Sir Hugh Bidwell, the Lord Mayor of London, has called ont he Government to treat London's transport problems as a "national priority." A report, commissioned by the Lord Mayor and the Corporation of London, states that London's pre-eminence as a financial centre is threatened by an inefficient and congested transport system.

Similar statements were made by the CBI last year, and the Government is coming under increasing pressure to take action. The Lord Mayor's report calls for more investment in public transport, and recommends much higher parking charges, stronger enforcement of parking controls and a programme of more extensive bus lanes. Sir Hugh also stated that introduction of some form of road pricing (making drivers pay an extra charge to bring their cars into central London) will be "essential to achieve efficient management and development of London's transport."
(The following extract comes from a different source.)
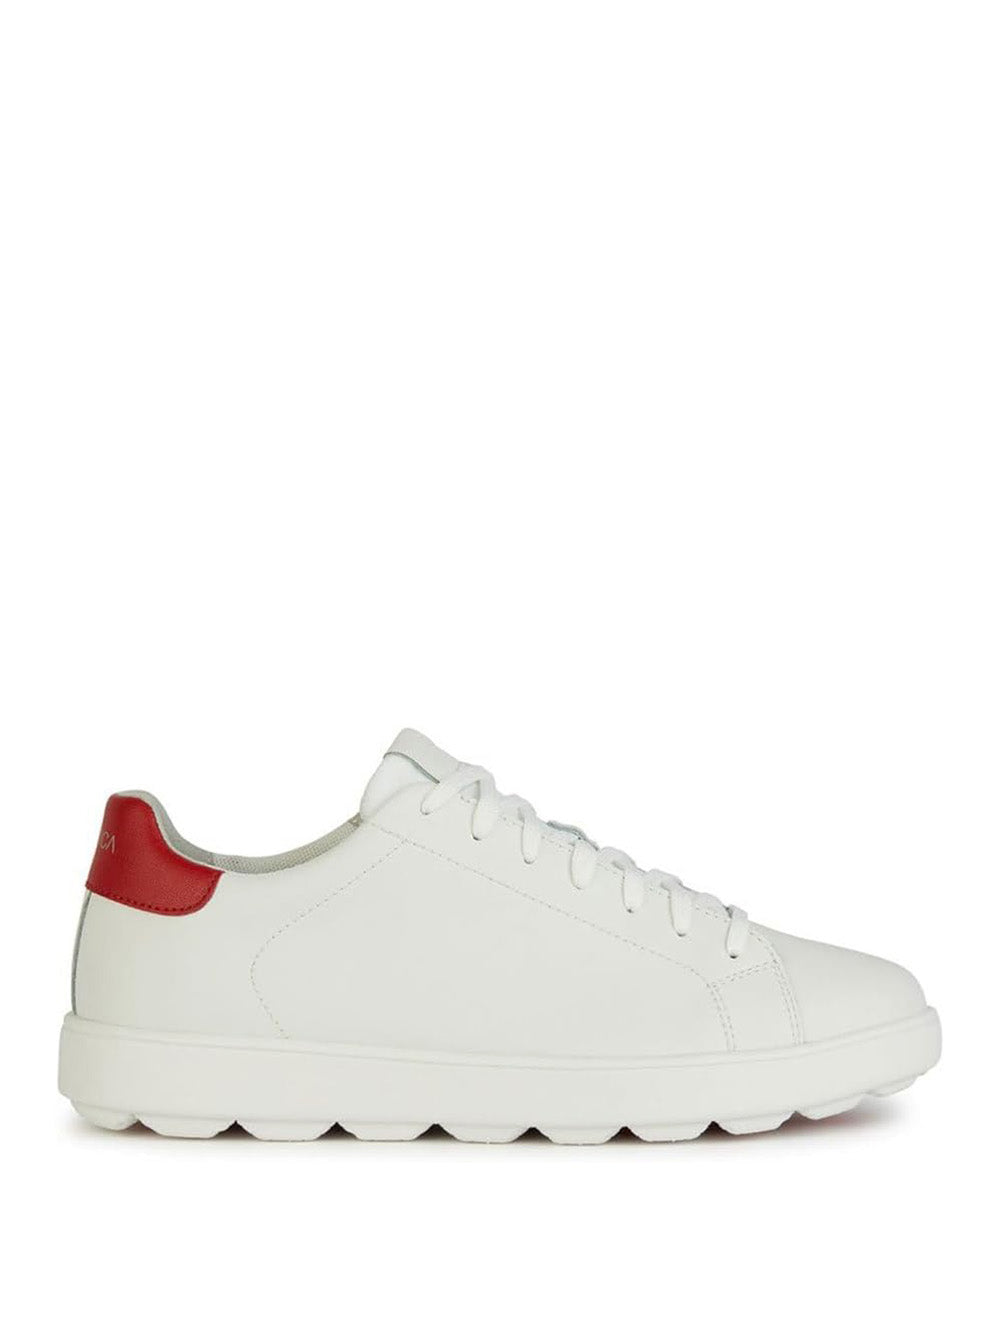 GEOX Sneakers Uomo - Bianco modello U45GPA 0009B
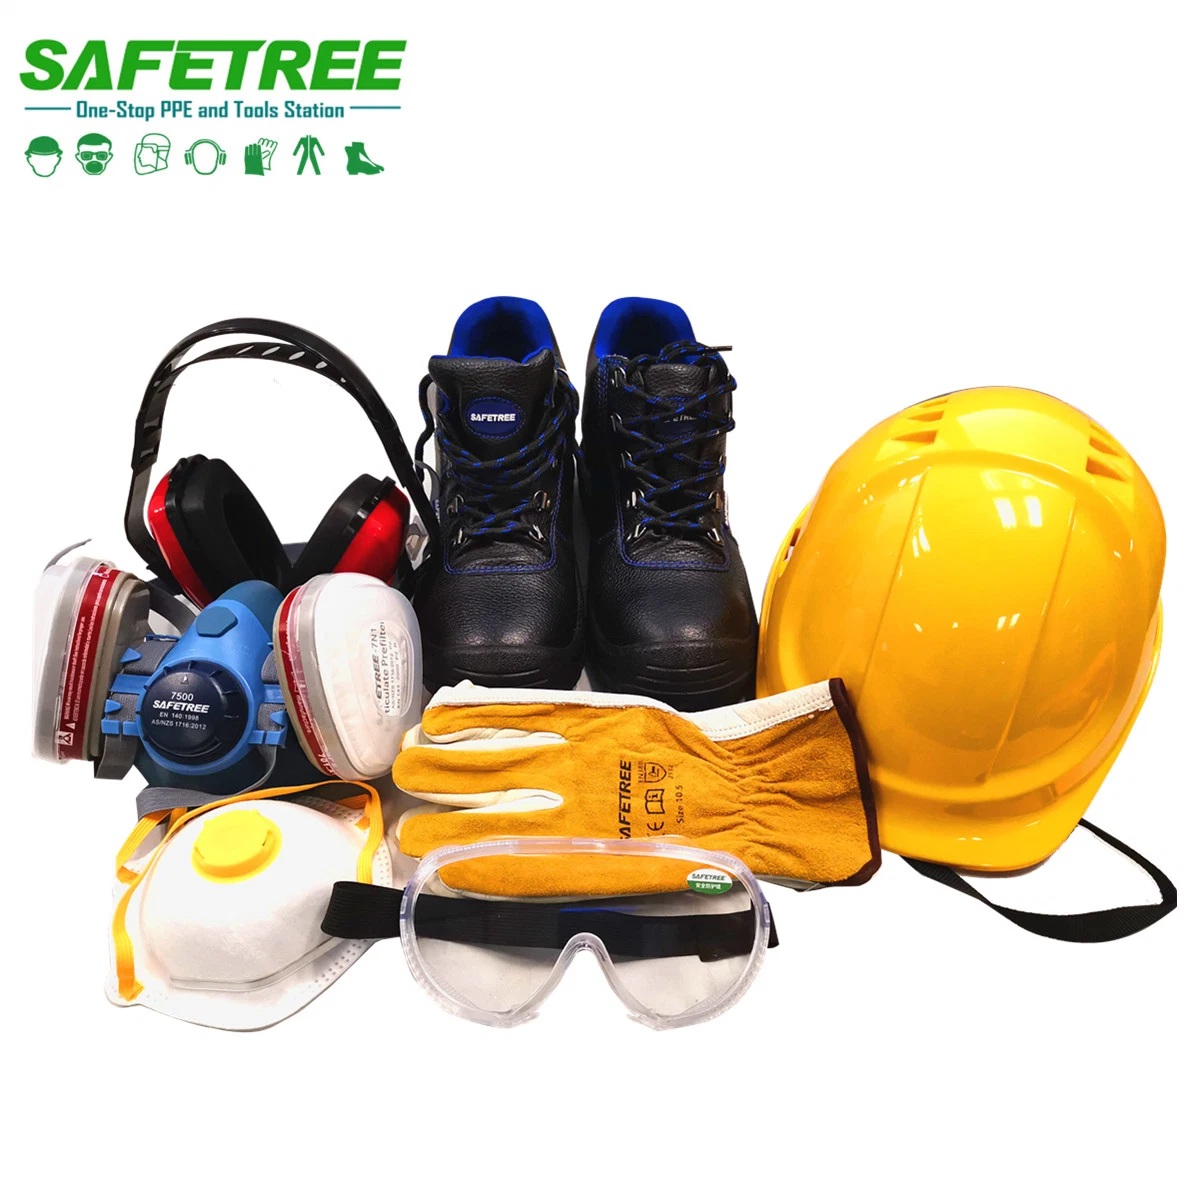 معدات الحماية الشخصية معدات السلامة الشخصية معدات السلامة للتشييد، والتعدين، والكهرباء

--London Cyclist, July/August 1990. London Cycling Campaign


Madrid, "with some of Europe's worst traffic jams" fines have been raised to as much as $900 for crimes like red light running -- drunk drivers face up to 6 yrs. Bank accounts of delinquent summons-payers will be seized -- licenses of frequent offenders will be revoked. City has doubled its fleet of tow trucks to 130.

--Wall Street Journal, 3/8/90


"In the central sectors of Rome, Milan, and Florence, Italy, all traffic except bicycles, buses, taxies, delivery vehicles and cars belonging to area residents have been banned between 7:30 a.m. and 7:30 p.m. Amsterdam, Athens, Barcelona, Cracow, Mexico City, Munich, and Budapest also have imposed various restrictions on motor-vehicles in efforts to improve the quality of life in the central city."

--International Bicycle Fund News, Summer 1990


In Hong Kong, electronic sensors on cars price highway travel by time of day, with commute hours the most expensive; drivers are issued a monthly bill.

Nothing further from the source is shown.